El capítulo 21 del evangelio de san Lucas, recoge unas palabras tremendas del Señor anunciando la destrucción del Templo de Jerusalén. Y, junto a ello, Jesús responde a las preguntas que le hacen sobre las señales de los últimos tiempos, avisando a los Apóstoles de los males que precederán a esos momentos. Aparte de los signos en la tierra y en los cielos, les advierte que serán perseguidos por culpa de su Nombre y acusados ante reyes y gobernadores. Pero no deben asustarse; al revés, será una ocasión excelente para dar testimonio del Evangelio. Además, el Espíritu de Dios les dará una sabiduría más poderosa que todos sus adversarios.

Las palabras de Cristo se pueden aplicar a cualquier siglo. De entonces a aquí, no han faltado guerras y desgracias, ni tampoco persecuciones a los cristianos. En estos comienzos del tercer milenio, parece que estas persecuciones van a más, al menos en algunos países. No debemos perder la confianza en Dios: “Ni un cabello de vuestra cabeza perecerá”. Lo cual no debe entenderse solo del perecer material, como se ve en el caso de los mártires, sino en un perecer para la vida eterna: para la salvación conseguida por Jesucristo para nosotros.

También es de destacar que la conversación se inicia contemplando el Templo de Jerusalén, una obra de arte engrandecida por Herodes hasta el nivel de las mejores obras del mundo. A pesar de ello, Jesús profetiza su ruina: ¿por qué? ¿Acaso tenía interés el Señor por su destrucción?

Evidentemente no. El Reino de los cielos, que Él venía a instaurar, es sobre todo espiritual; nada le molestaban las obras materiales como el Templo. Además, su ruina llegaría por intereses políticos, cosa en la que nunca se metió Jesús.

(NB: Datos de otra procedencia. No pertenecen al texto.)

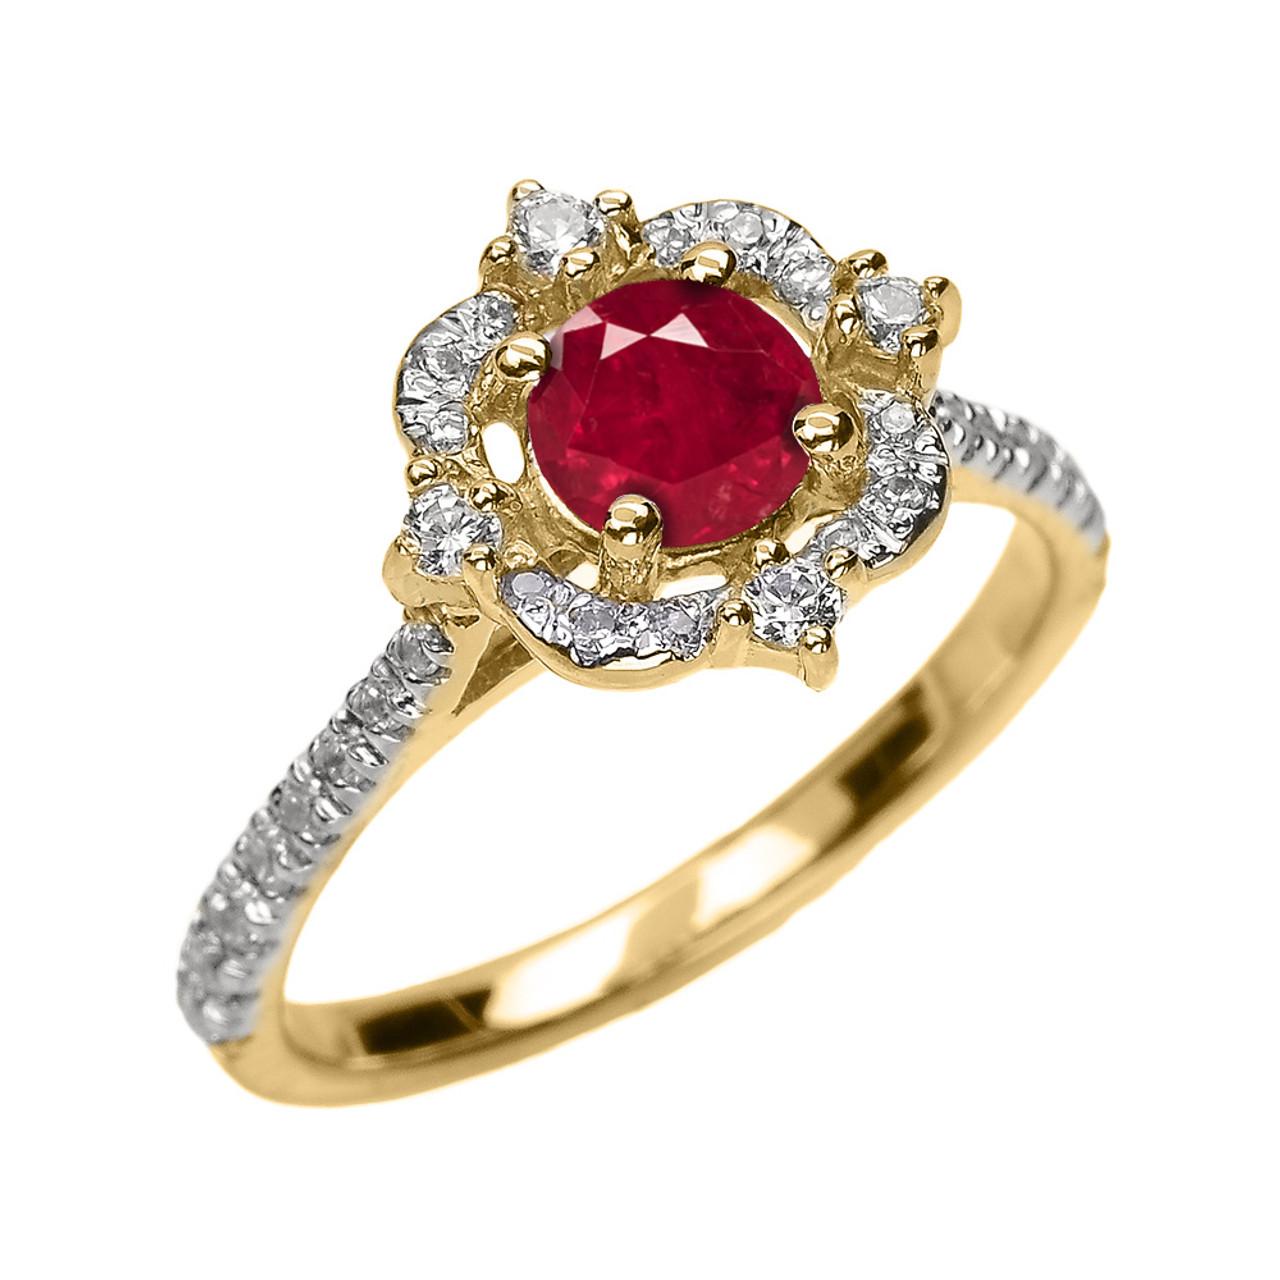 2 Band Diamond Wedding Engagement Proposal Set Ring: Yellow Gold Genuine Ruby And Diamond Dainty Engagement

Jesucristo veía a los hombres y se interesaba por cada uno. Buscaba establecer un reino de justicia, de amor y de paz; y, precisamente por ello, se daba cuenta de tantos intereses mezquinos que dominan a los hombres y a los reinos de la tierra, también en Jerusalén.

Y auguró que, si no cambiaban sus modos de proceder, antes o después llegaría su ruina. ¿Qué lección útil podemos concluir de todo esto? Una primera conclusión es que nuestra personalidad cristiana no se apoya en razonamientos humanos: construcciones, argumentos, modas o planteamientos; esto serían consecuencias. Nuestra fe debe apoyarse en Jesucristo; su Vida, su Muerte y su Resurrección son el verdadero cimiento firme, que le impedirá que la fe se tambalee ante los “terremotos” de este mundo (persecuciones, contradicciones…).

La confianza en Dios pasa por encima de toda adversidad, haciéndonos caminar con alegría por las sendas del mundo, al margen de los comportamientos ajenos.